As of July31 there were 1.787 open orders for the A320ceo family in the orderbook. Now let us consider the following orders to get cancelled:
- Kinfisher/Kingfisher Red 67 aircraft
- United Airlines 30 aircraft
- Alphastream 15 aircraft
- Northwest Airlines 7 aircraft
- Croatia 4 aircraft
- Hamburg International 2 aircraft
- Delta Airlines 30 aircraft
- Vueling 30 aircraft
- CASC 42 aircraft
- Air China / Shenzen 40 aircraft
With a production rate of 42 and 11.5 months of production per year another 1092 aircraft will have been delivered until the end of October, when the A320neo will enter airline service, leaving .
A320ceo production will ramp down from that point in time. Assume Airbus can hold the rate of 42 aircraft per month steady.
I read somewhere that 12 A320neo should leave the factories in 2015 and 100 in 2016. So from the 564 aircraft produced from November 2015 until December 2016 464 will be ceo's, leaving the ceo backlog at 374. For 2017 I guess that around 60% of all produced A320 will be neo's (289 from 483), so the ceo number delivered in 2017 would be 194 and the remaining backlog at the beginning of 2018 would be 180. Airbus said before that the A320neo should reach 100% share in early 2018, so it is clear that the A320ceo are overbooked at the moment. Maybe this is not unwise as one of the two neo engine suppliers could be late - who knows...
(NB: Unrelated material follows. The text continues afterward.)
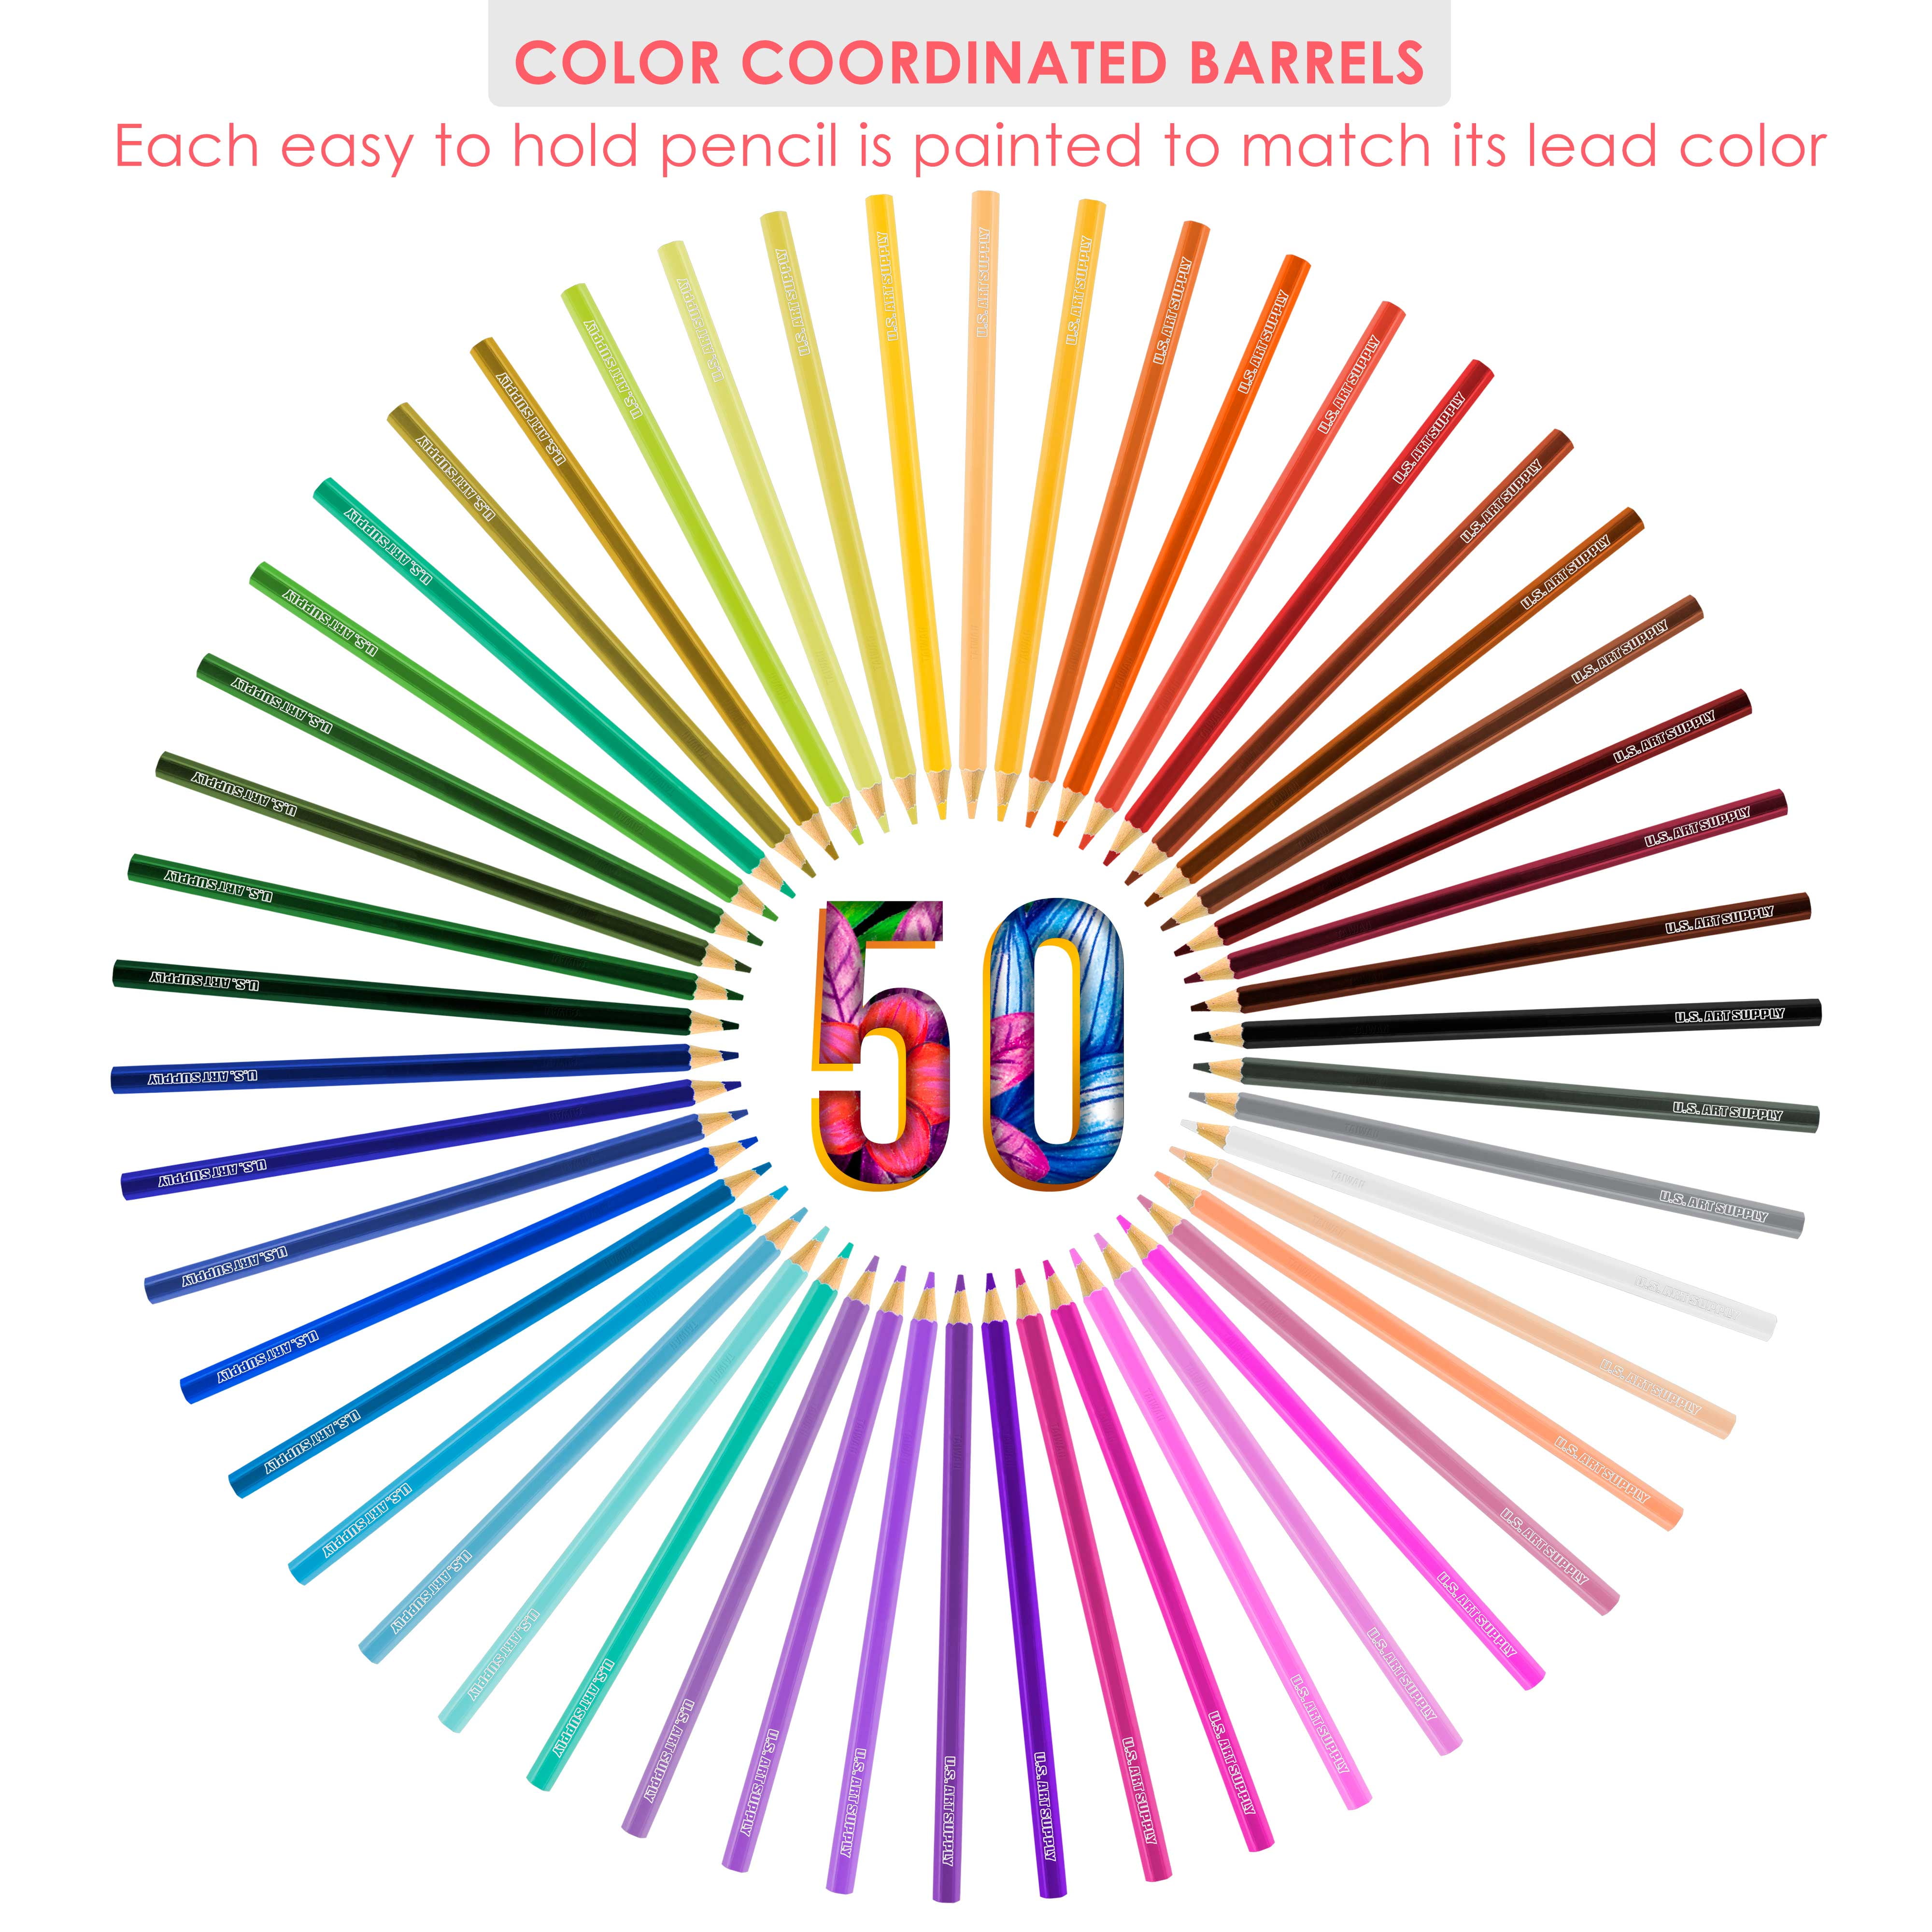  Huhuhero Colored Pencils for Adult Coloring Books, Set of 120  Colors, Soft Core Artist Drawing Pencils, Ideal Coloring Pencils for  Sketching Shading, Art Supplies Gifts for Adults Kids Teens 
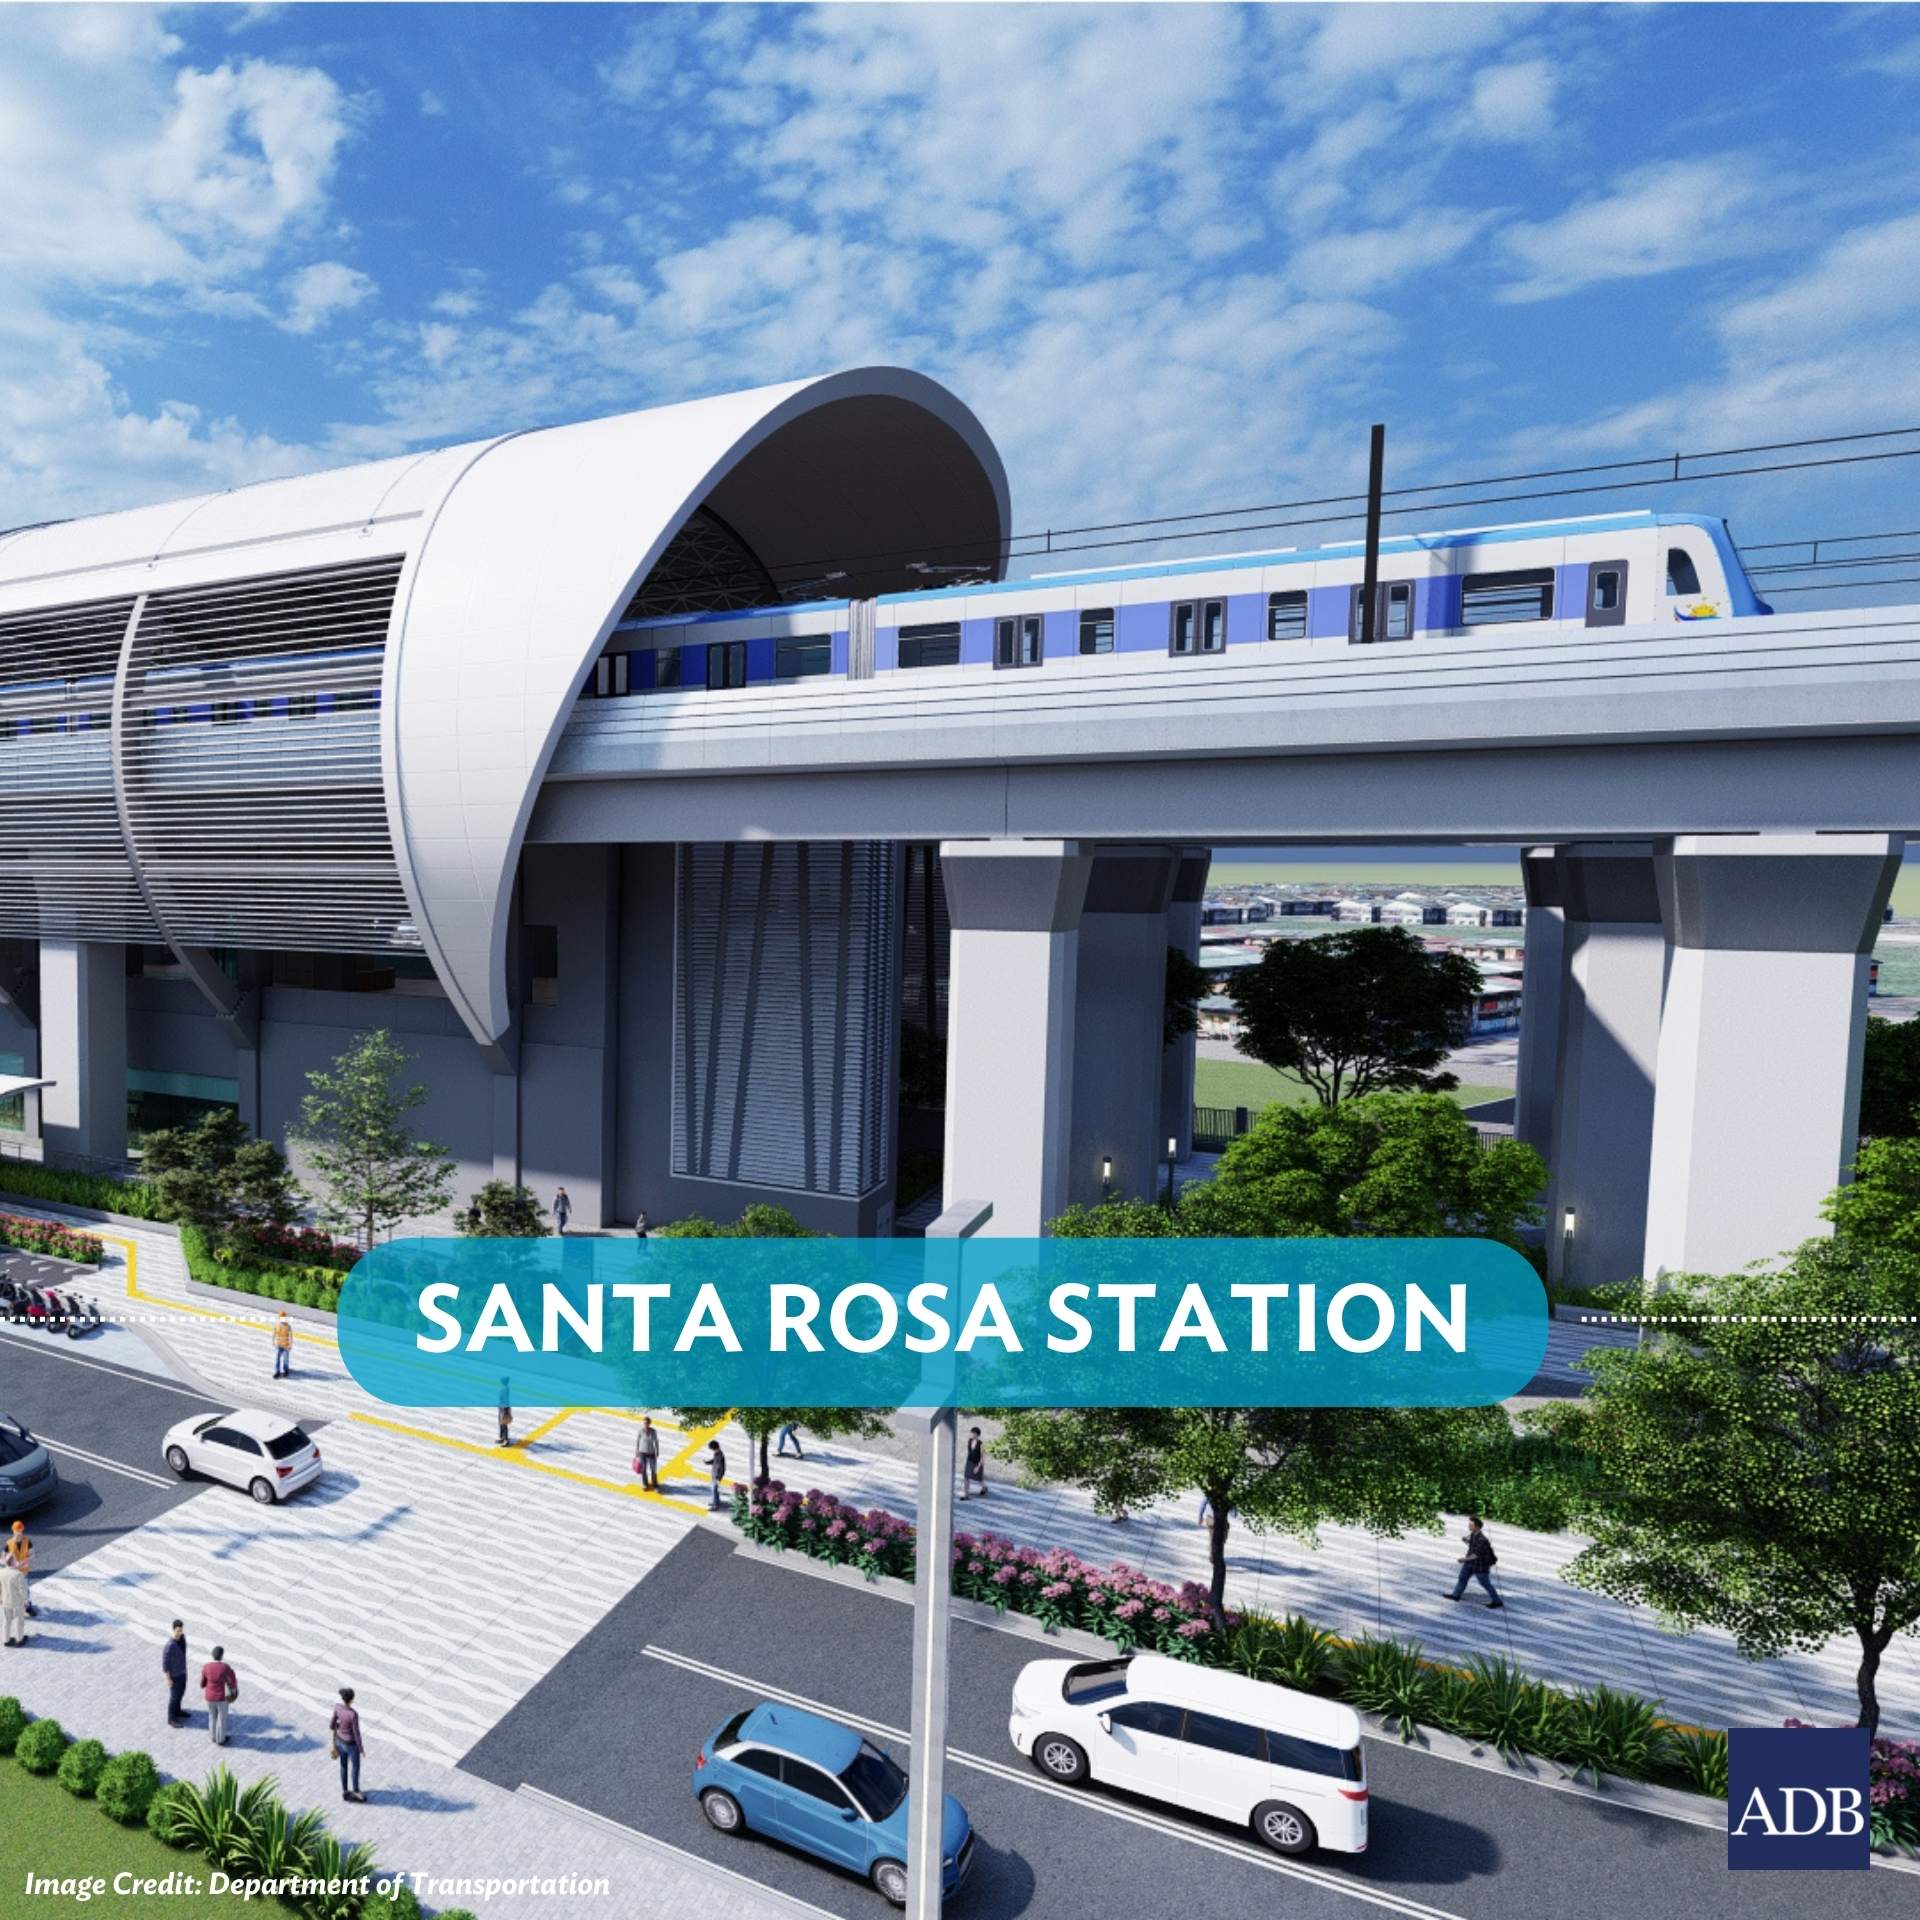 ADB shows renderings of South Commuter Railway stations 6

UPDATE: I forgot to mention the American Airlines order: the order for a combined 130 A319ceo and A321ceo is not part of the orderbook. The first two aircraft were delivered in July, then three in August and another one in early September. Airbus leases these aircraft directly to American and then sells them with the lease attached. Not all deliveries will follow that procedure: ILFC ordered 15 A321 recently to lease to AA, so these 15 A321 are part of the orderbook and we do not know how many aircraft from the recent order for 3 A319 and 5 A321 from CIT are destined for AA and how many aircraft will come from other already existing orders fom leasing companies. But Airbus already said that around 30 aircraft will follow the procedure of the first four A319, which were sold to Avolon. So we have another expansion of the orderbook and further overbooking of the A320ceo slots.